Only one stretch of the data below is needed: the line with "yoemon_yamada50tobin28by1.jpg" through the last line. Output it exactly and drop the pictures.

Collected data:
^^^^^^^^^^^^^^^^

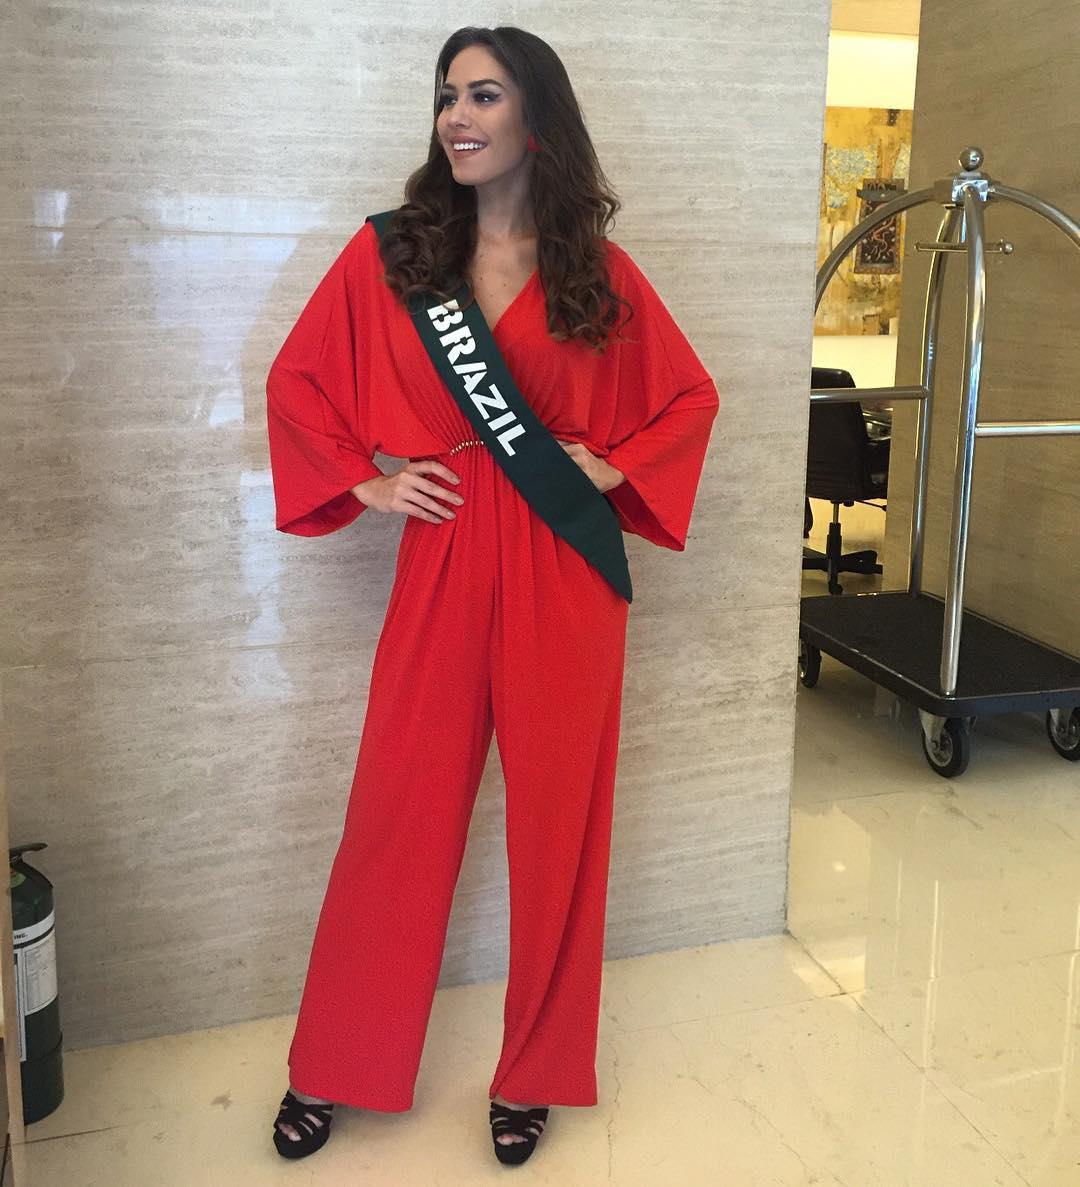 bruna zanardo, 1st runner-up de miss supranational brazil 2020/miss brasil internacional 2017/miss brasil terra 2016. - Página 4 Obal3xcj
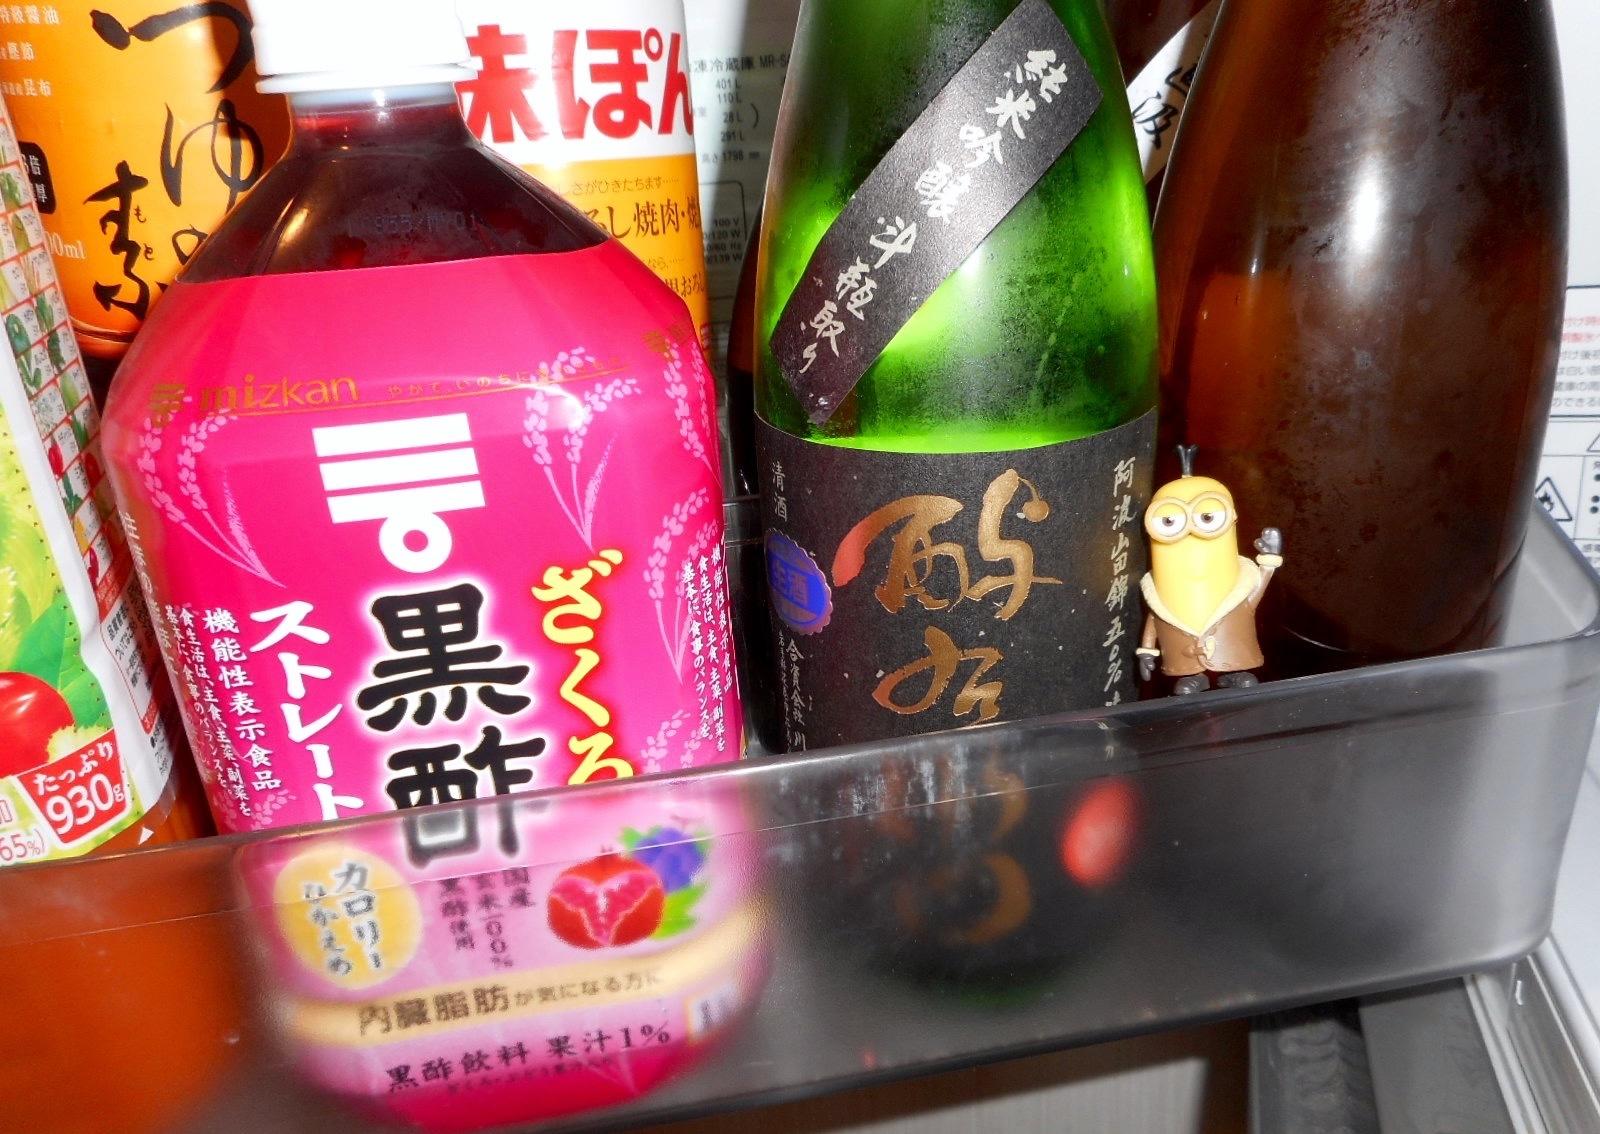 yoemon_yamada50tobin28by1.jpg
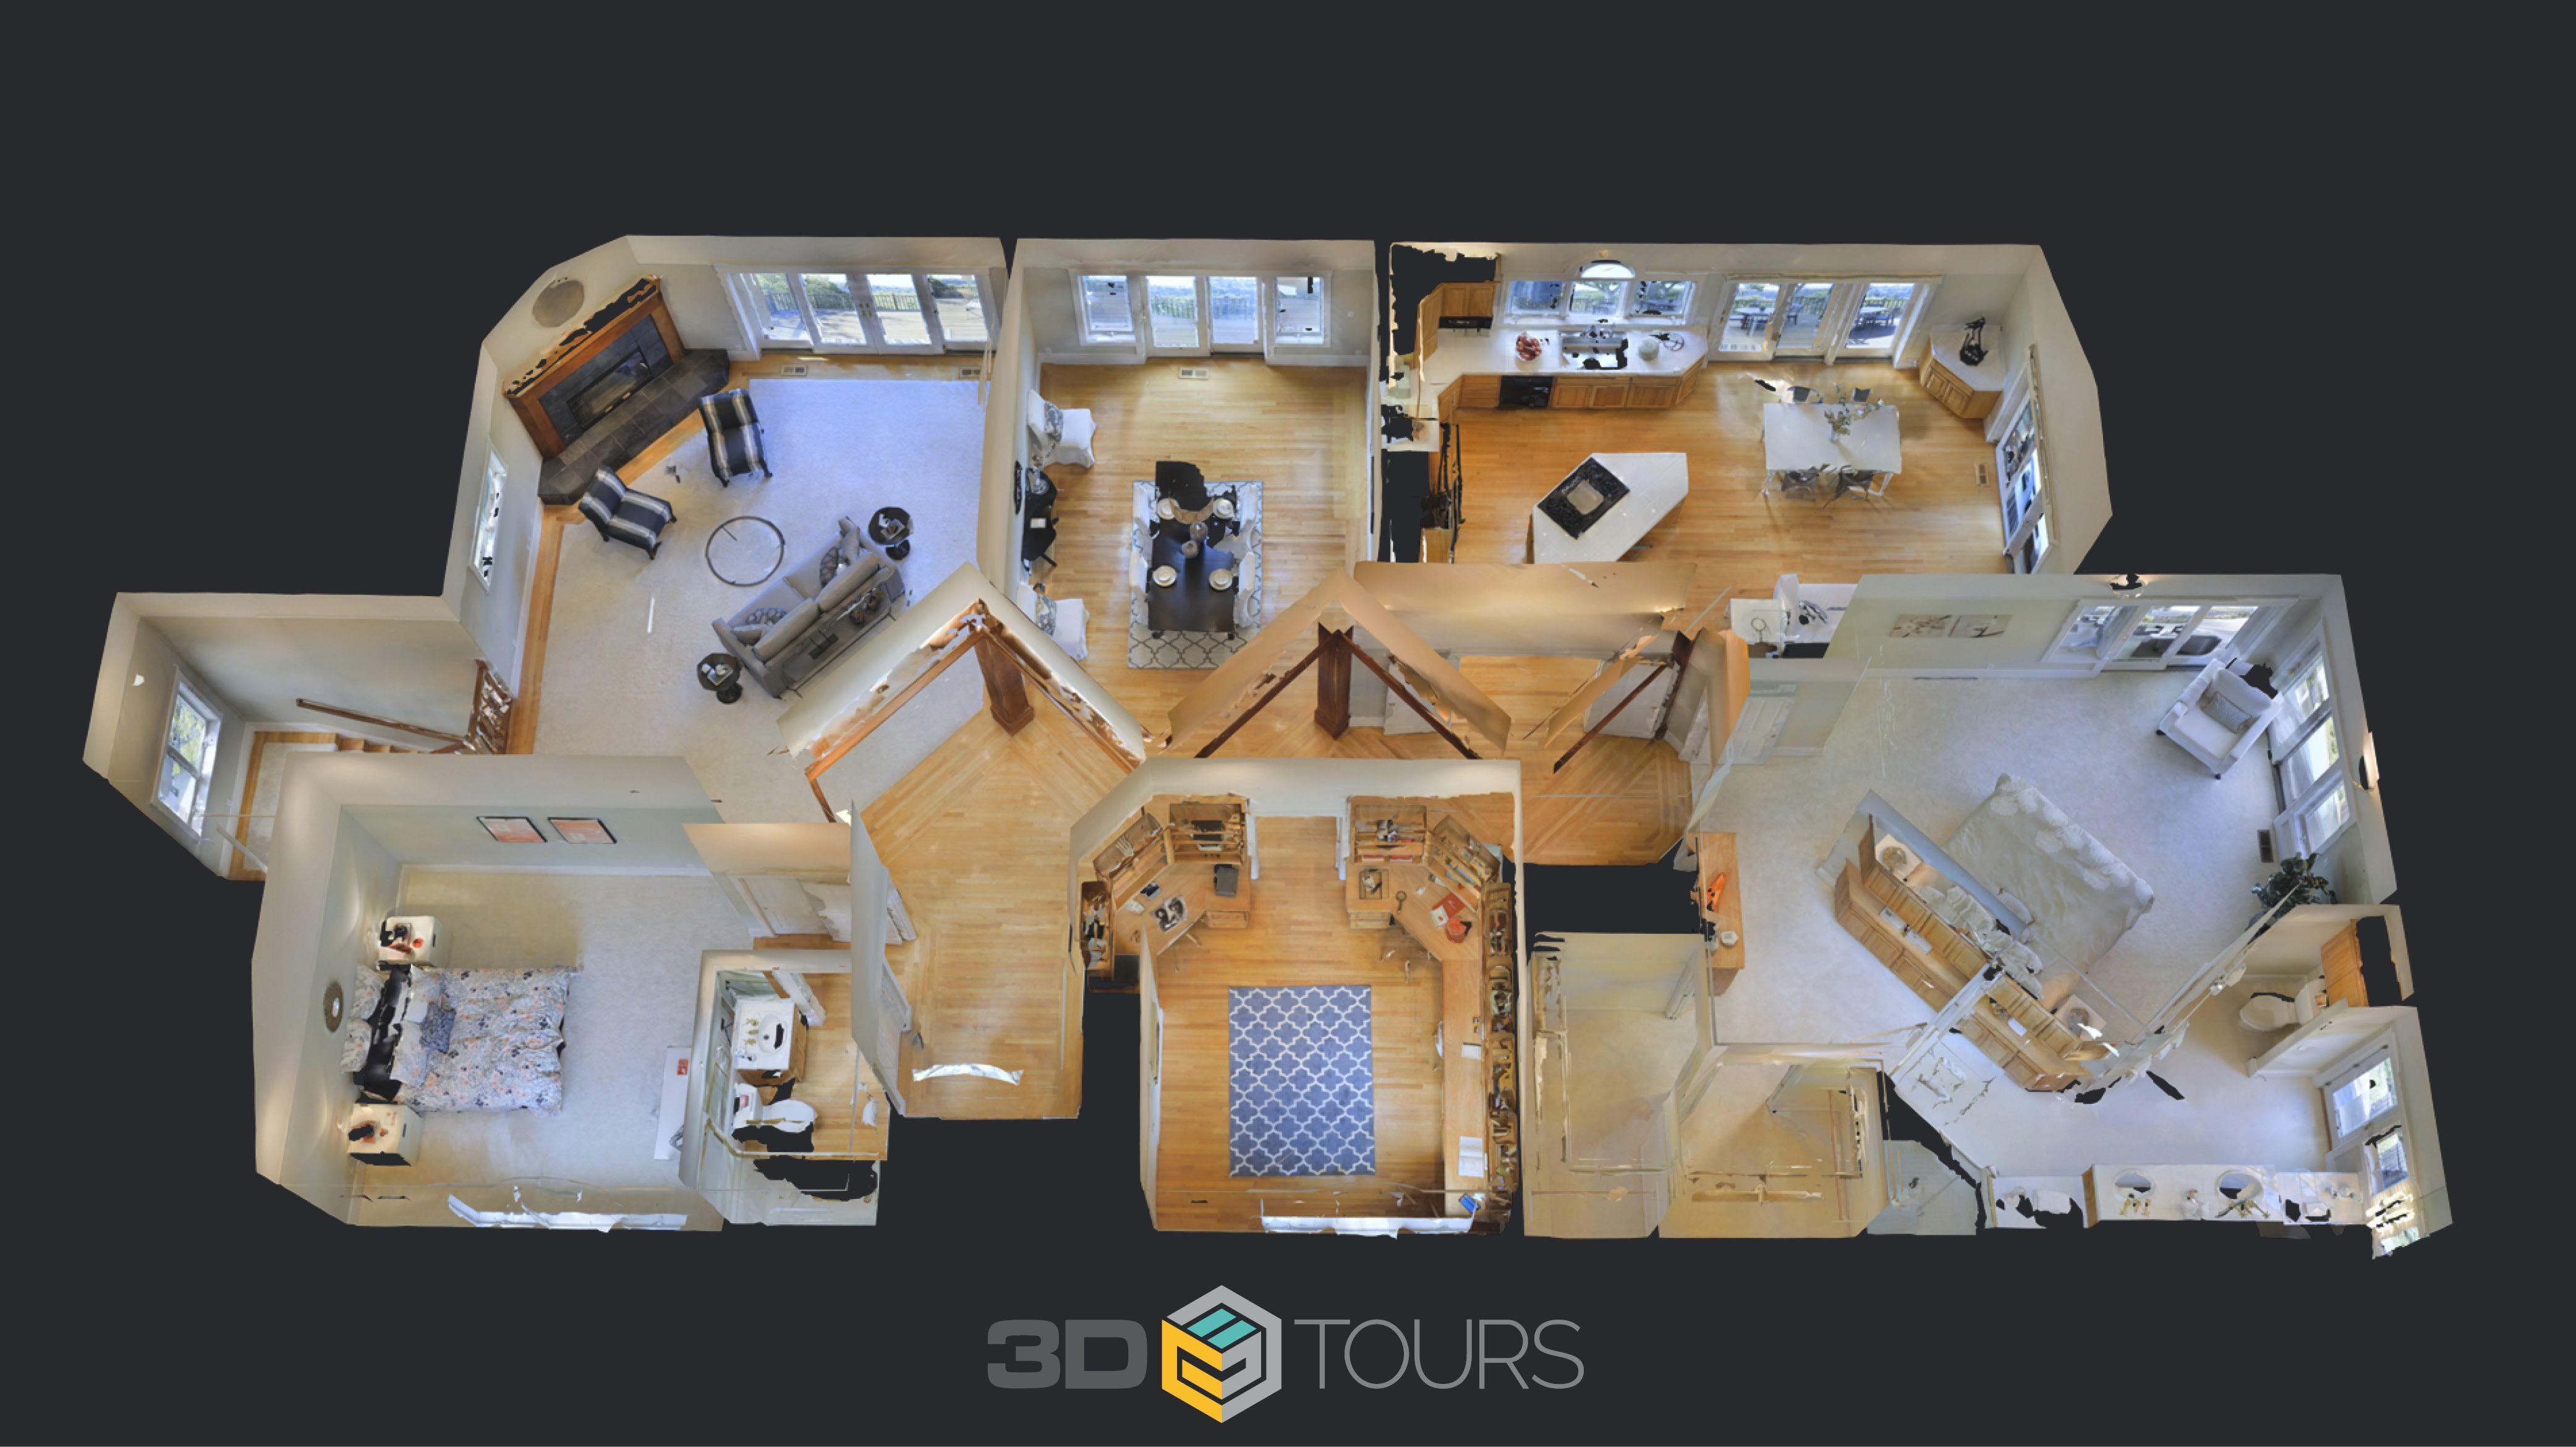 A dollhouse view created by a 3D tour

^^^^^^^^^^^^^^^^

Finished exercise:
 yoemon_yamada50tobin28by1.jpg
 A dollhouse view created by a 3D tour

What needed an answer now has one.